Question

Using the dissociation constant, Kd = 3.4 × 10⁻¹⁵, calculate the equilibrium concentrations of Zn²⁺ and OH⁻ in a 0.0465-M solution of Zn(OH)₄²⁻.

a) [Zn²⁺] = 2.04 × 10⁻⁹ M, [OH⁻] = 2.04 × 10⁻⁹ M
b) [Zn²⁺] = 6.8 × 10⁻¹⁰ M, [OH⁻] = 6.8 × 10⁻¹⁰ M
c) [Zn²⁺] = 1.37 × 10⁻⁹ M, [OH⁻] = 1.37 × 10⁻⁹ M
d) [Zn²⁺] = 4.08 × 10⁻¹⁰ M, [OH⁻] = 4.08 × 10⁻¹⁰ M

Answer 1

The equilibrium concentrations of Zn²⁺ and OH⁻ in a 0.0465-M solution of Zn(OH)₄²⁻ are [Zn²⁺] = 2.04 × 10⁻⁹ M and [OH⁻] = 2.04 × 10⁻⁹ M.

Step-by-step explanation:

To calculate the equilibrium concentrations of Zn²⁺ and OH⁻ in a 0.0465-M solution of Zn(OH)₄²⁻, we can use the dissociation constant (Kd).

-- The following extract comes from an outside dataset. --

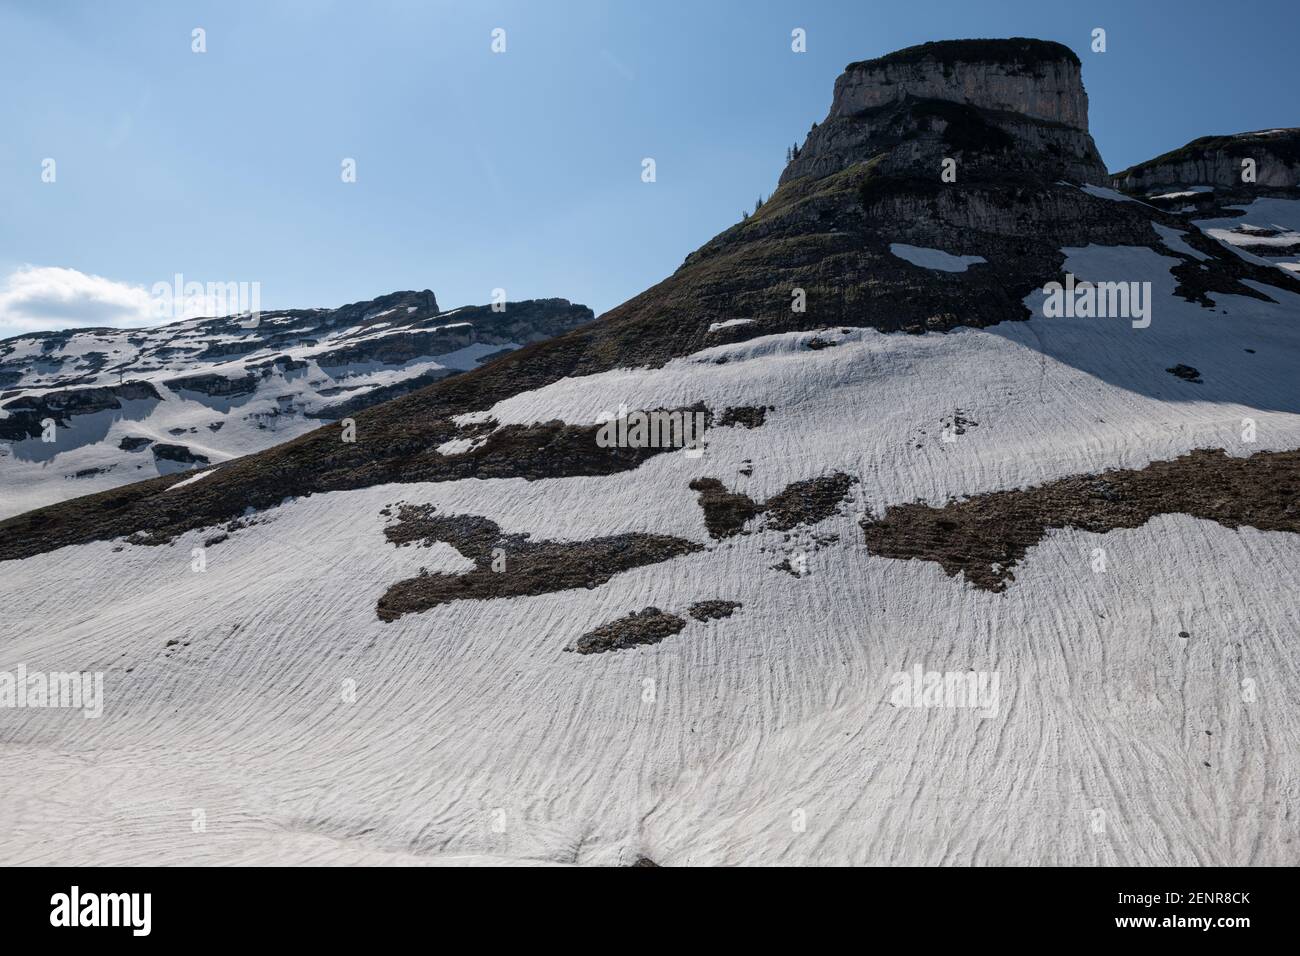 Early spring up on Loser mountain with melting snow and rock formations  on a sunny day, Altaussee, Loser, Salzkammergut, Austria Stock Photo

The dissociation constant is given as Kd = 3.4 × 10⁻¹⁵. The equation for the dissociation of Zn(OH)₄²⁻ in water is Zn(OH)₄²⁻ ⇌ Zn²⁺ + 4OH⁻.

Since Zn(OH)₄²⁻ dissociates into one Zn²⁺ ion and four OH⁻ ions, the equilibrium concentrations would be [Zn²⁺] = 2.04 × 10⁻⁹ M and [OH⁻] = 2.04 × 10⁻⁹ M.